CHAP. XIX. How to find the Horary Distance of a Reclining Declining Dial.

YOu have seen Chap. 17. how easily East and West Reclining Dials are to be made; and by the Figure in Chap. 18. how they fall out to be Circles of Position, as you may see by PORCQ.

I will shew you how all reclining Dials may be reduced to East or West Recliners, for some Latitude or other; and so the Hour-distance found by the Method of Chap. 17.

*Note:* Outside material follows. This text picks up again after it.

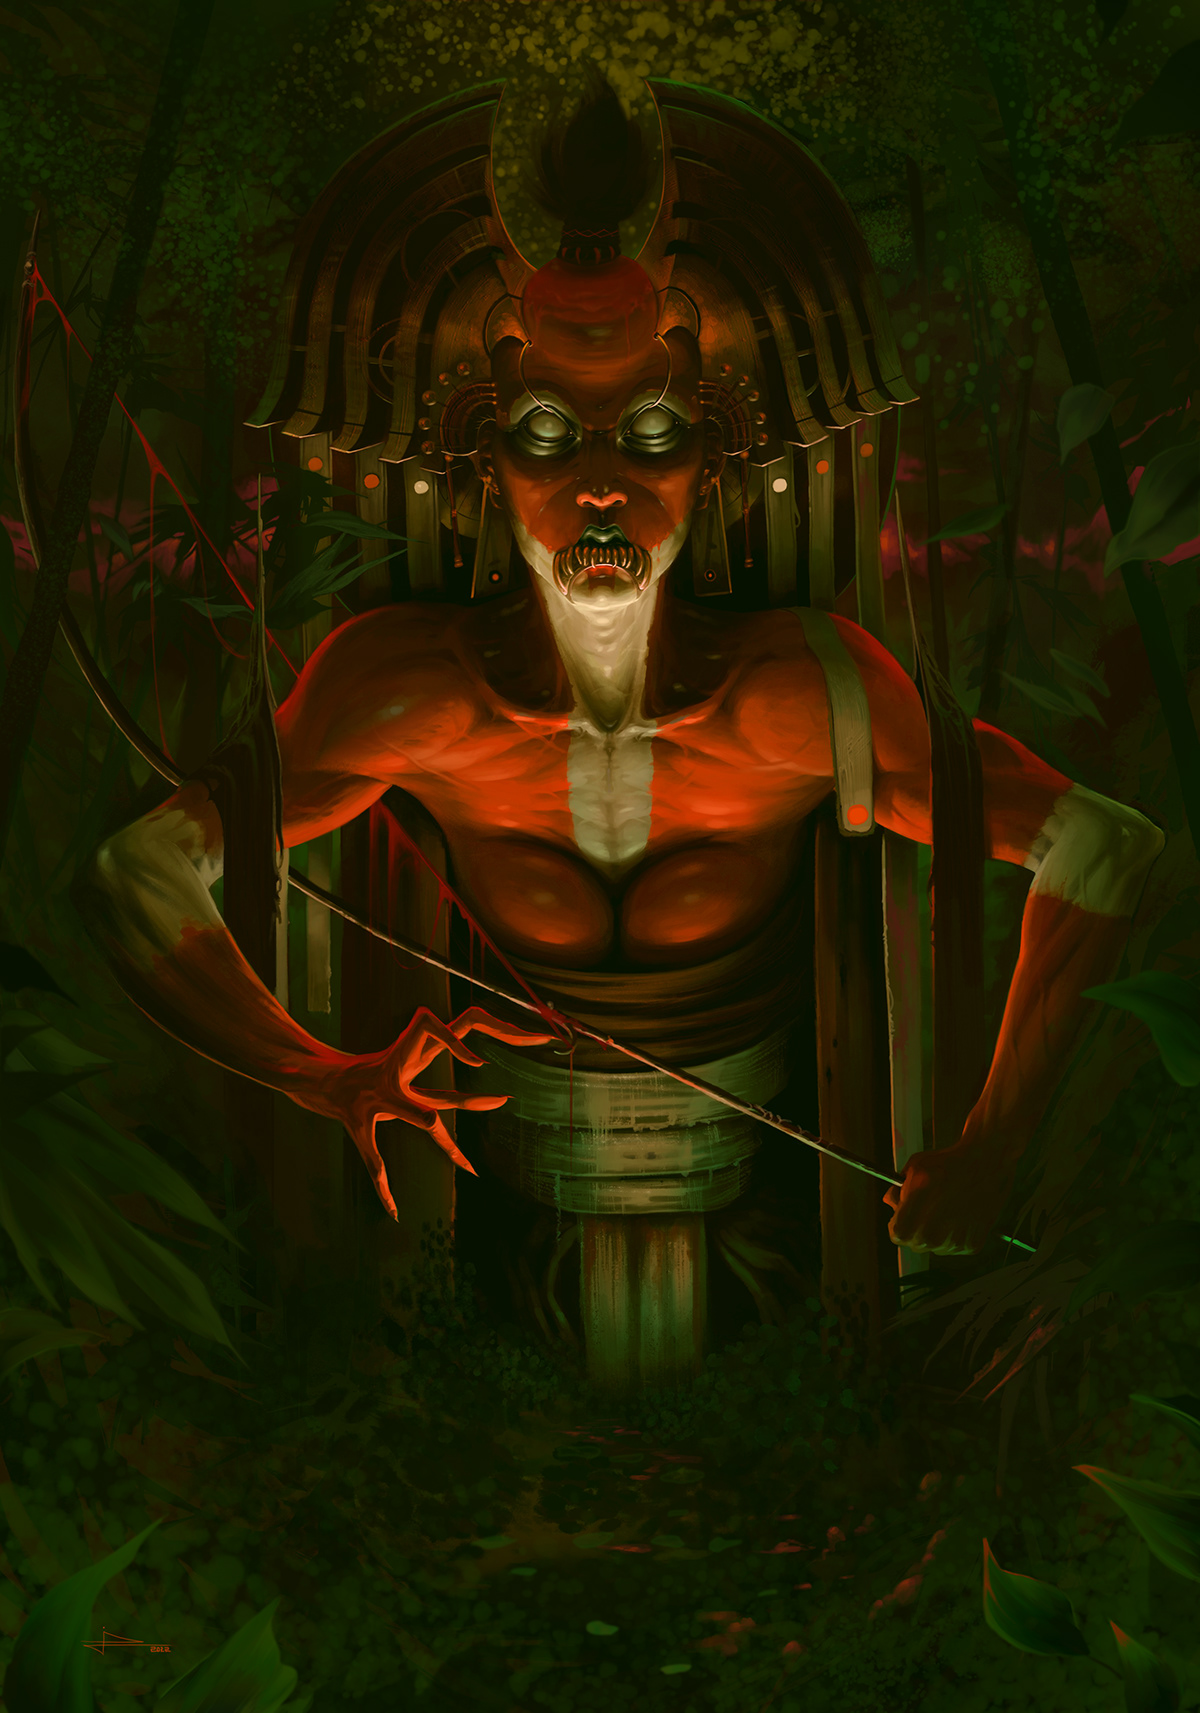 blood cryptid forest goddess jungle rework ritual tribal voodoo woman

The Circles of Position, as have been shewed, do all cross one another in the North and South Points of the Meridian: Now therefore by the Point O, where the Plane cuts our Meridian, draw a new Horizon, as OBQC, and then shall you see your Plane in that Horizon to be a very Circle of Position.

But now we are gotten into a new Latitude OP, called before Chap. 18. the Posi∣tion Latitude; and we have here a new Reclination: for whereas this Plane reclineth in our Latitude ZFL 45 deg. his Position Reclination is O, viz. ZOL or POR 60 deg. In the making of this Dial therefore you shall forget your own Latitude, and the Planes Reclination in your Horizon; and with this new Latitude and Reclina∣tion make the Dial after the manner of the East Recliner, Chap. 17. not regarding the Declination at all: for the Base of this Plane is now fallen into the Horizontal Line of the Meridian; and his Declination being a Quadrant, he is become a Regular Plane, and neither his Declination nor Reclination shall much trouble you.

How to place your Noon-line from the Horizontal or Vertical Line of the Plane, you have found already.

Page 32

Note, Your new Latitude is PO 16 d. 14 m. then you know your Plane is the 60 d. Azimuth from the Axis, because POR is 60 deg. as before 90 deg. farther from the said Azimuth you have the Pole of the Plane, and therefore is the Meridian of my Plane, and shall make the Substile of my Dial OPR 3 deg. 1 min. his Distance from the Meridian of the Place in that Aequinoctial, and is therefore the Difference of Lon∣gitude, as before.

Then have you the Side PR the Height of the Stile 14 deg. 1 min. or Elevation of the Gnomon, as before: Likewise have you OR the Declination or Substile Distance from the Meridian 8 deg. 17 min. as before, and you may proceed to draw the Dial in like manner as you have been directed in Chap. 16.